There was a slow pulse of silence. “You don’t have to keep remembering,” Donghyuck said, then, more kindly. “You can let go. Just ask and I’ll—”

“If I let go I have nothing left,” Renjun said. “I’m not Jaemin. I need to remember. I owe it.” 

“You don’t owe anything. You need to stop thinking about everything as a debt. If it hurts, just cut it free. It doesn’t have to be any harder than that.” 

“Then you shouldn’t have brought me in,” Renjun said. “You should have let me—”

The pneumatic hiss of the automatic doors sliding open cut him off.
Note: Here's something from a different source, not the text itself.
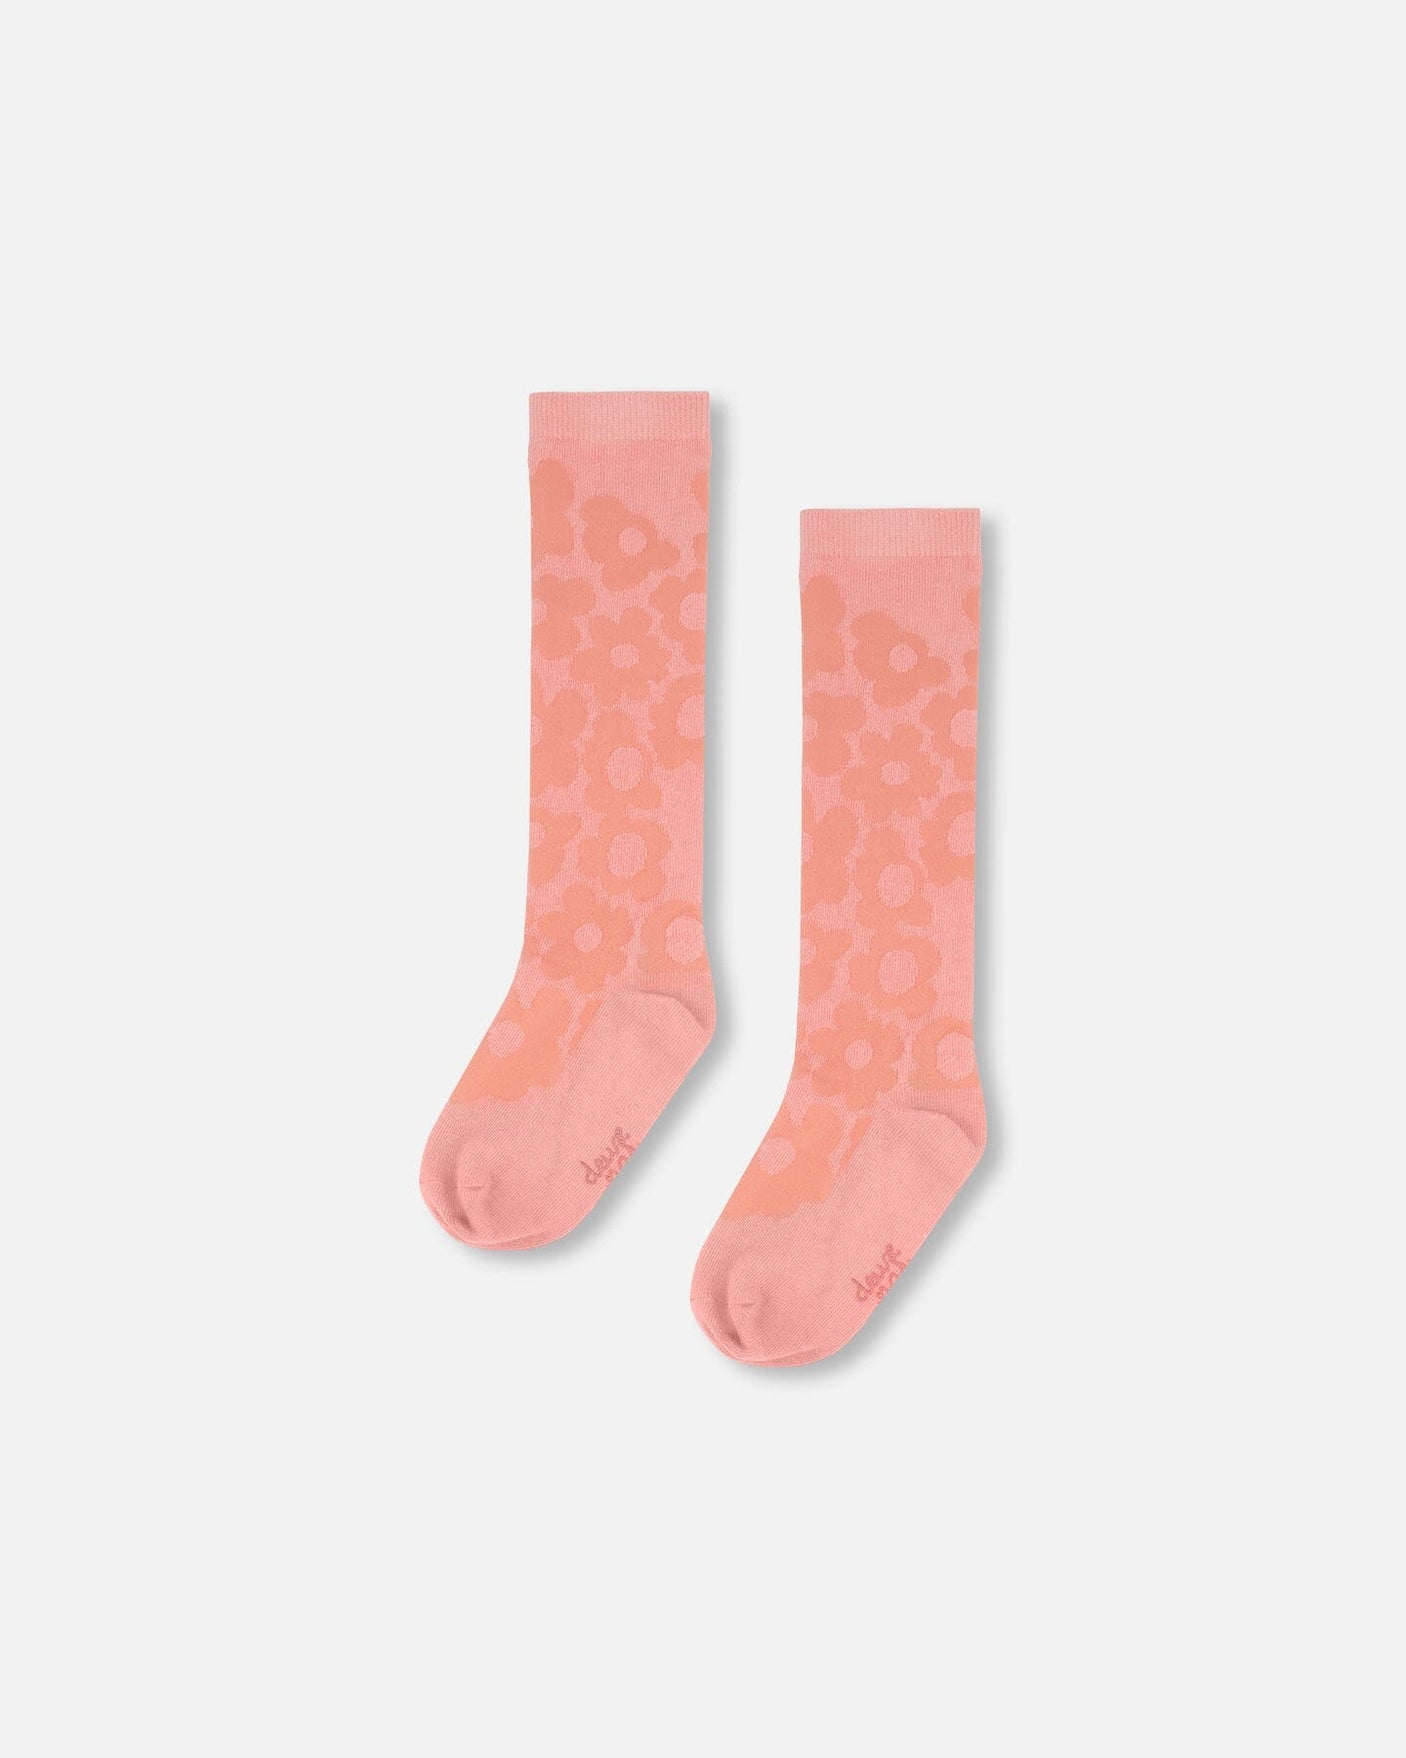 Jacquard Socks Misty Pink-0

Jaemin still turns that snippet of conversation over in his mind sometimes, trying to sieve out some sort of understanding. But it’s like reconstructing a jigsaw puzzle with half the pieces missing, or fitting a key to the right lock out of a hundred. In the end the answer is entirely out of his grasp.
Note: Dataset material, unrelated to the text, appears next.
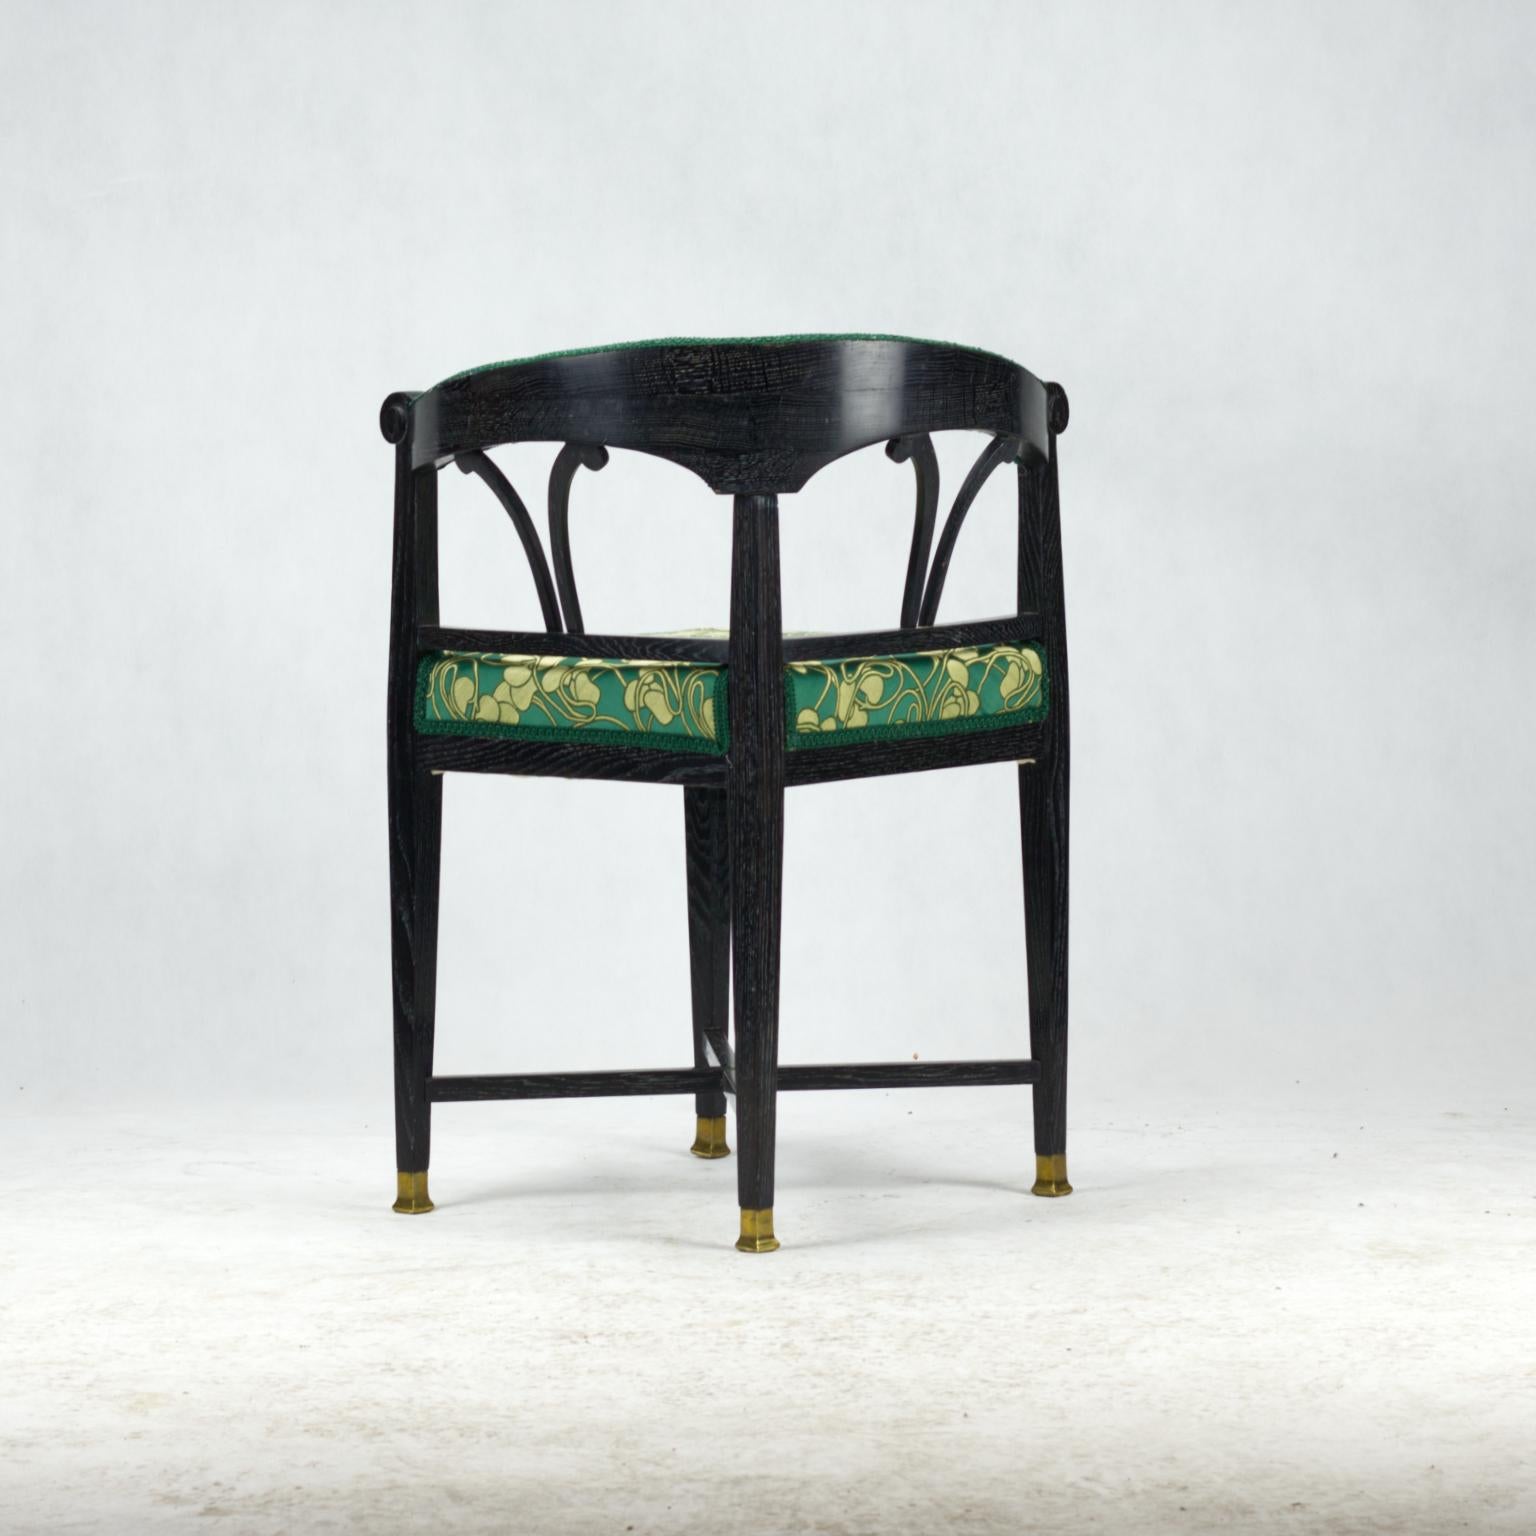 Vienna Secession Art Nouveau Ebonized Corner Chair, circa 1900 For Sale

This time the mark is a Zhong Chenle, heir to a media empire with not-so-secret ties to criminal superpowers, in more than one sense of the word. He’s attending some second cousin’s wedding and they’ll be crashing the reception. It’s just a recon mission, so Jaemin’s not sure why he’s been partnered with Renjun for this one. Renjun’s magic is ill-suited to subtlety, far too distinctive in its consequences—hard not to know the Kestrel’s come to visit when there’s a trail of pulped bodies leading out of the wreckage. Maybe NEO’s expecting things to turn ugly. Maybe the tedium of observation is meant to be a slap on the wrist for Renjun, whose sullen expression indicates exactly what he thinks of that. 
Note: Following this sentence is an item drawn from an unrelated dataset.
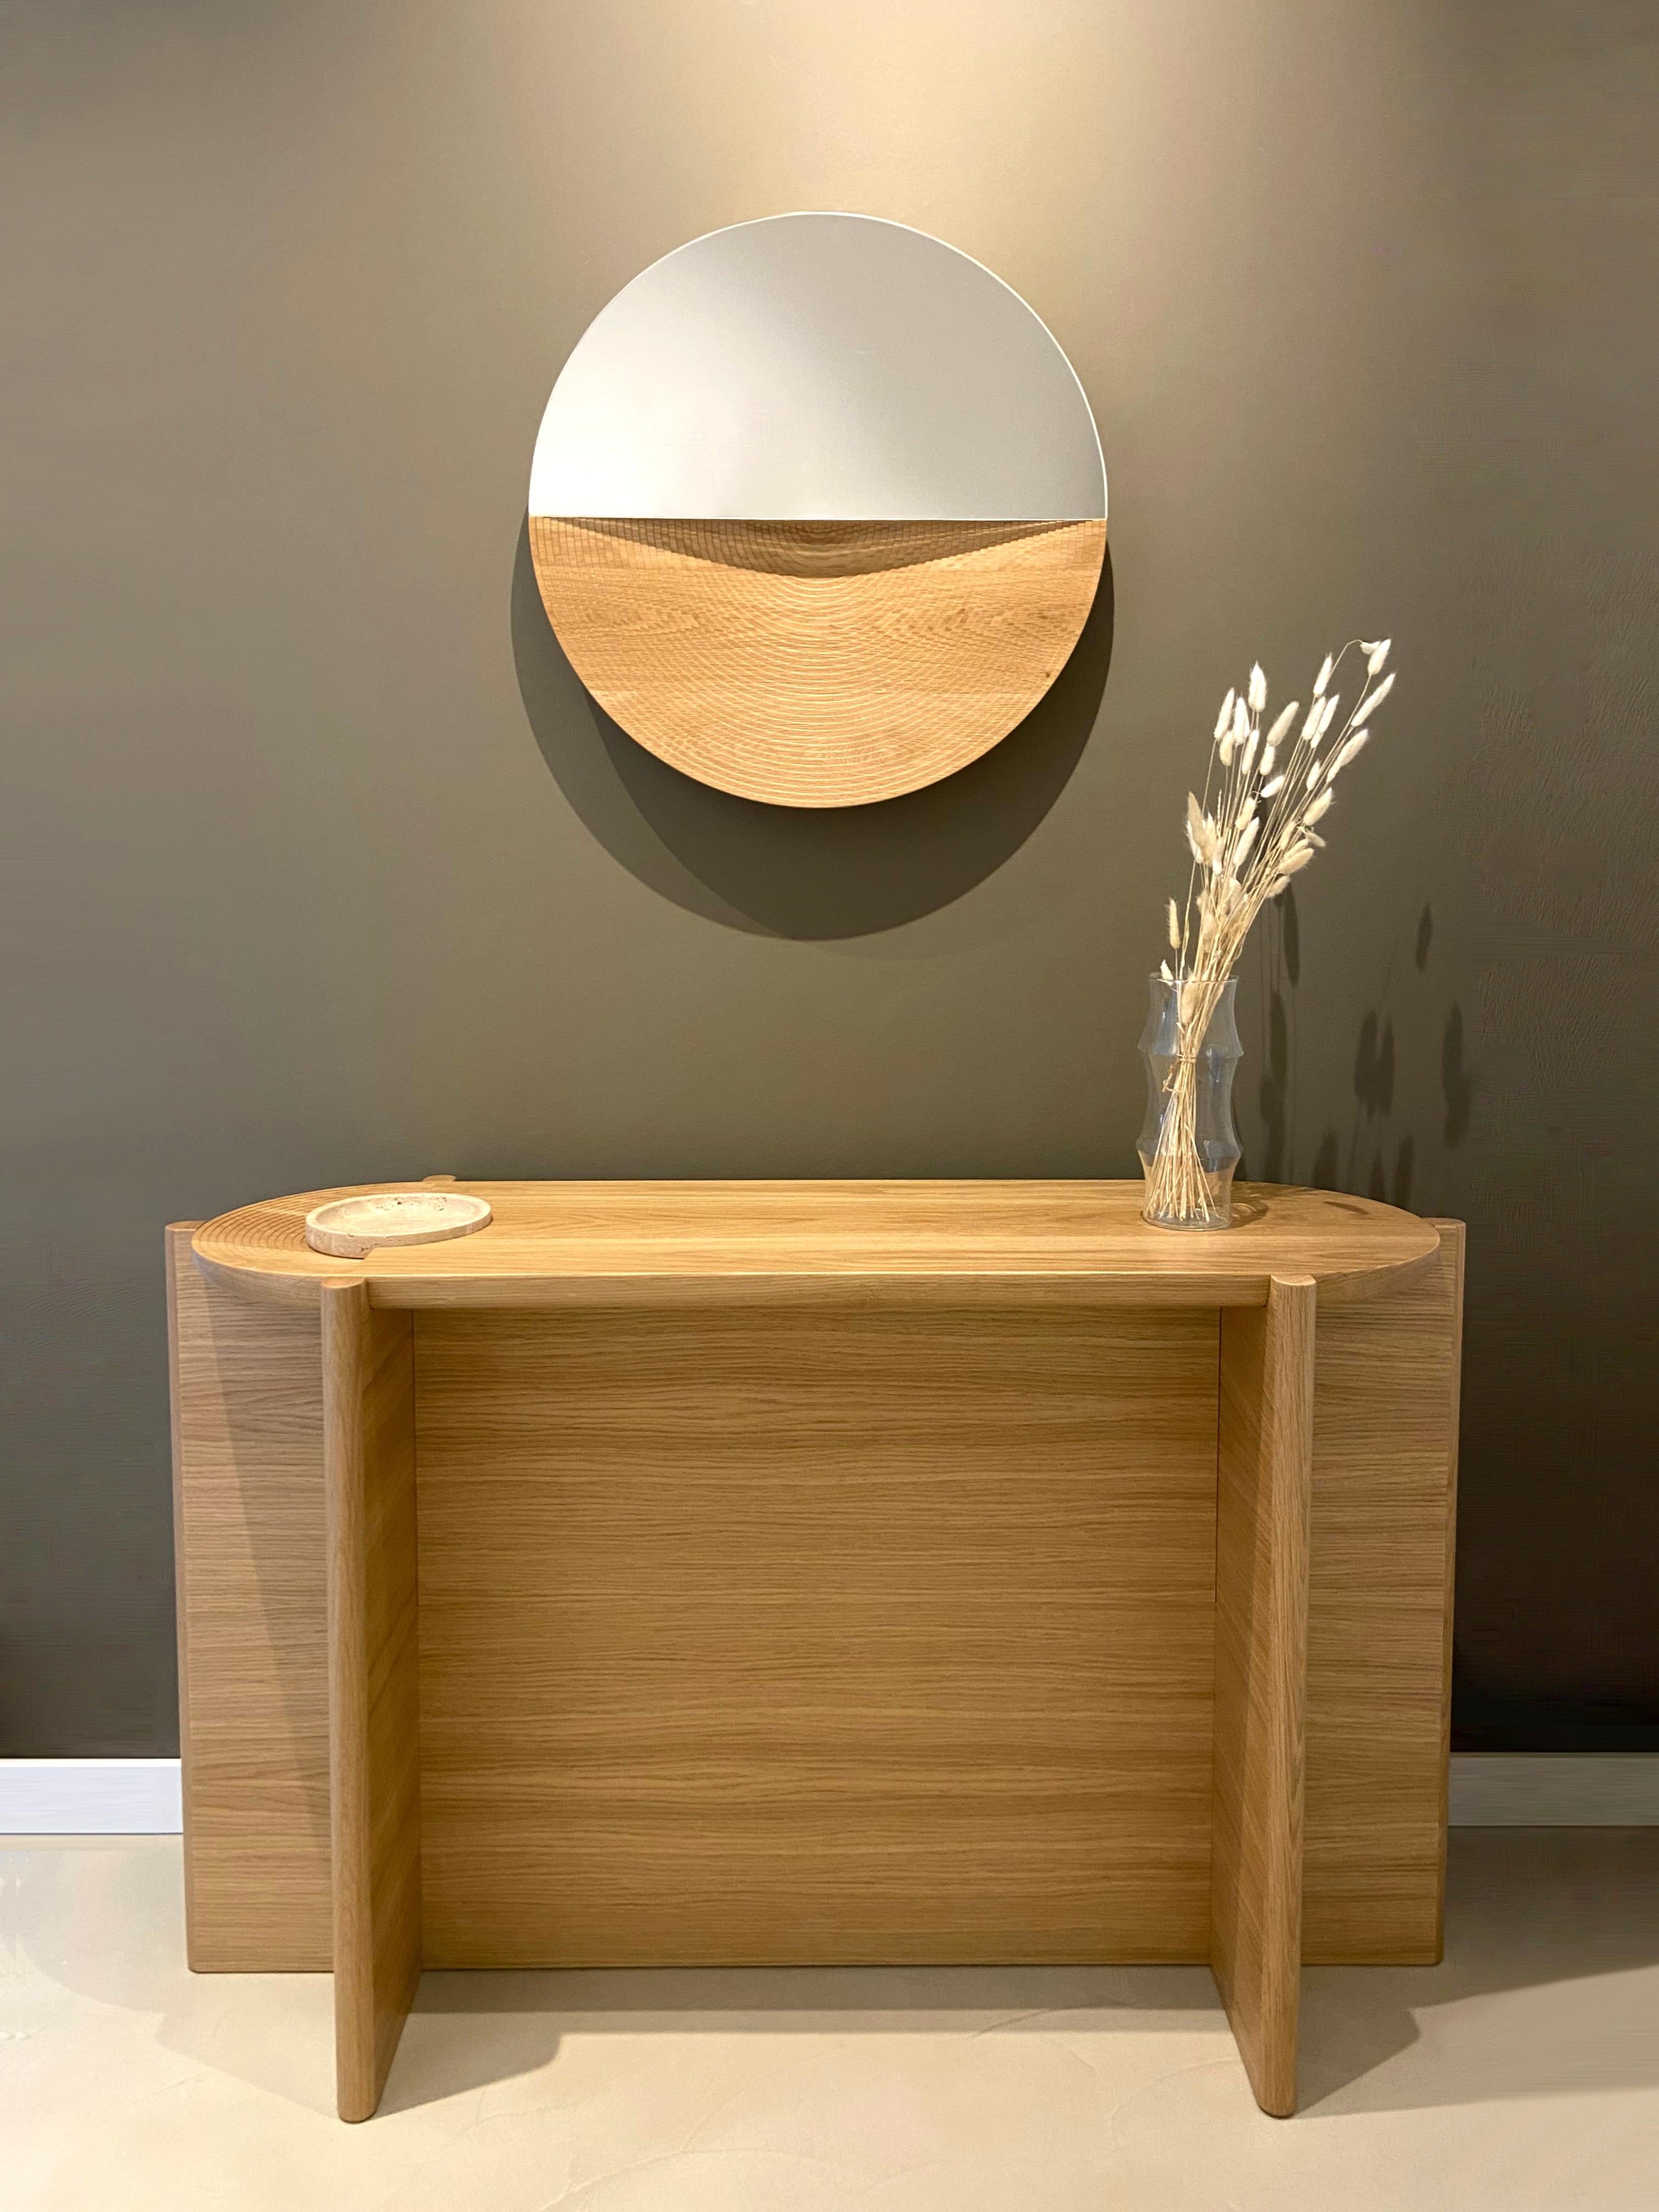 La table console Arkhe est une gracieuse combinaison de fonctionnalité, de simplicité et de posture sculpturale. La beauté naturelle du chêne et du travertin, l'artisanat exquis et l'inspiration provenant des magnifiques amphithéâtres d'autrefois

They take the bus. Renjun blows on the window, carefully uses the tip of his finger to draw a flower in the bloom of condensation: petals, stem, leaf. Then he swipes his sleeve across the glass, leaving no trace of the moment of whimsy. Jaemin averts his eyes.

Essentially, they’ve been tasked with babysitting Chenle, keeping eyes on what he does and who he talks to. An easy job, but Jaemin shouldn’t complain. He’s going into the lion’s den alone with Renjun on surveillance duty, because Renjun’s face will no doubt be known to some of the guests—another reason Jaemin can’t understand the mission delegation. Donghyuck’s skillset would have been a perfect fit for the job. 

Renjun sets up the surveillance station upstairs while Jaemin changes into a server uniform. A loose semicircle of collapsible white fabric screens, and Jaemin presses his palms to each one in turn, gold light rippling outwards from the point of contact and resolving into the world through his eyes. He’s careful not to look directly at the screens, to save himself the disorientation. The bride and groom are already seated; Chenle himself hasn’t arrived yet. 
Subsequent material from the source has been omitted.